You are viewing a plain text version of this content. The canonical link for it is here.
Posted to common-user@hadoop.apache.org by maha <ma...@umail.ucsb.edu> on 2011/03/05 04:33:13 UTC
Using SequenceFile instead of TextFiles
Hi,
I have 2 questions:
1) Is a SequenceFile more efficient than TextFiles for input? ... I think TextFiles will be processed by TextInputFormat into sequenceFiles inside hadoop. So will SequenceFiles (ie.binary input Files) be more efficient ?
2) If I decided to use SequenceFiles as InputFormat, Do I need to stick to the header protocol defined in http://hadoop.apache.org/common/docs/current/api/org/apache/hadoop/io/SequenceFile.html ?
Thanks everyone,
Maha
Re: Using SequenceFile instead of TextFiles
Posted by maha <ma...@umail.ucsb.edu>.
Thanks again Harsh, I actually got the book 2 days ago, but didn't have time to read it yet.
Maha
On Mar 4, 2011, at 7:54 PM, Harsh J wrote:
> Hi,
>
> On Sat, Mar 5, 2011 at 9:03 AM, maha <ma...@umail.ucsb.edu> wrote:
>> Hi,
>>
>> I have 2 questions:
>>
>> 1) Is a SequenceFile more efficient than TextFiles for input? ... I think TextFiles will be processed by TextInputFormat into sequenceFiles inside hadoop. So will SequenceFiles (ie.binary input Files) be more efficient ?
>
> Depends on what your scenario is.
>
>> 2) If I decided to use SequenceFiles as InputFormat, Do I need to stick to the header protocol defined in http://hadoop.apache.org/common/docs/current/api/org/apache/hadoop/io/SequenceFile.html ?
>
> No. You would use SequenceFileInputFormat and SequenceFileOutputFormat classes.
>
> May I suggest reading a good Hadoop book that covers the little,
> scattered stuff like this, neatly? I like Tom White's Hadoop: The
> Definitive Guide :)
>
> --
> Harsh J
> www.harshj.com
Re: Using SequenceFile instead of TextFiles
Posted by Harsh J <qw...@gmail.com>.
Hi,
On Sat, Mar 5, 2011 at 9:03 AM, maha <ma...@umail.ucsb.edu> wrote:
> Hi,
>
> I have 2 questions:
>
> 1) Is a  SequenceFile more efficient than TextFiles for input?  ... I think TextFiles will be processed by TextInputFormat into sequenceFiles inside hadoop. So will SequenceFiles (ie.binary input Files) be more efficient ?

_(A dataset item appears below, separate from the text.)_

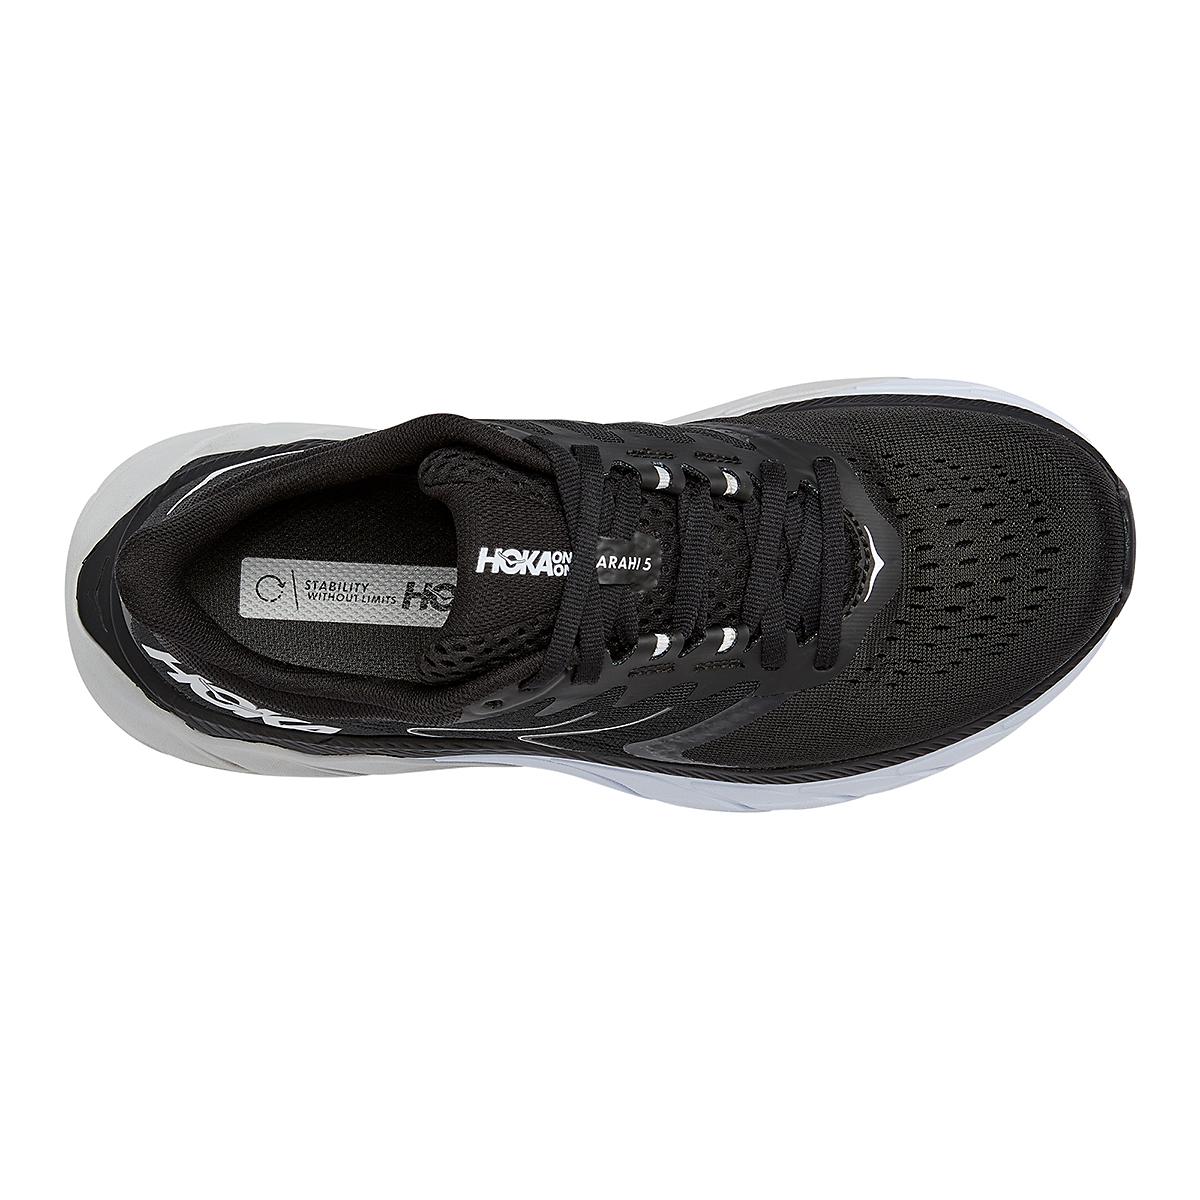 Women's Hoka One One Arahi 5 Running Shoe - Color: Black/White - Size: 5 - Width: Regular, Black/White, large, image 5

Depends on what your scenario is.
> 2) If I decided to use SequenceFiles as InputFormat, Do I need to stick to the header protocol defined in http://hadoop.apache.org/common/docs/current/api/org/apache/hadoop/io/SequenceFile.html ?
No. You would use SequenceFileInputFormat and SequenceFileOutputFormat classes.
May I suggest reading a good Hadoop book that covers the little,
scattered stuff like this, neatly? I like Tom White's Hadoop: The
Definitive Guide :)
--
Harsh J
www.harshj.com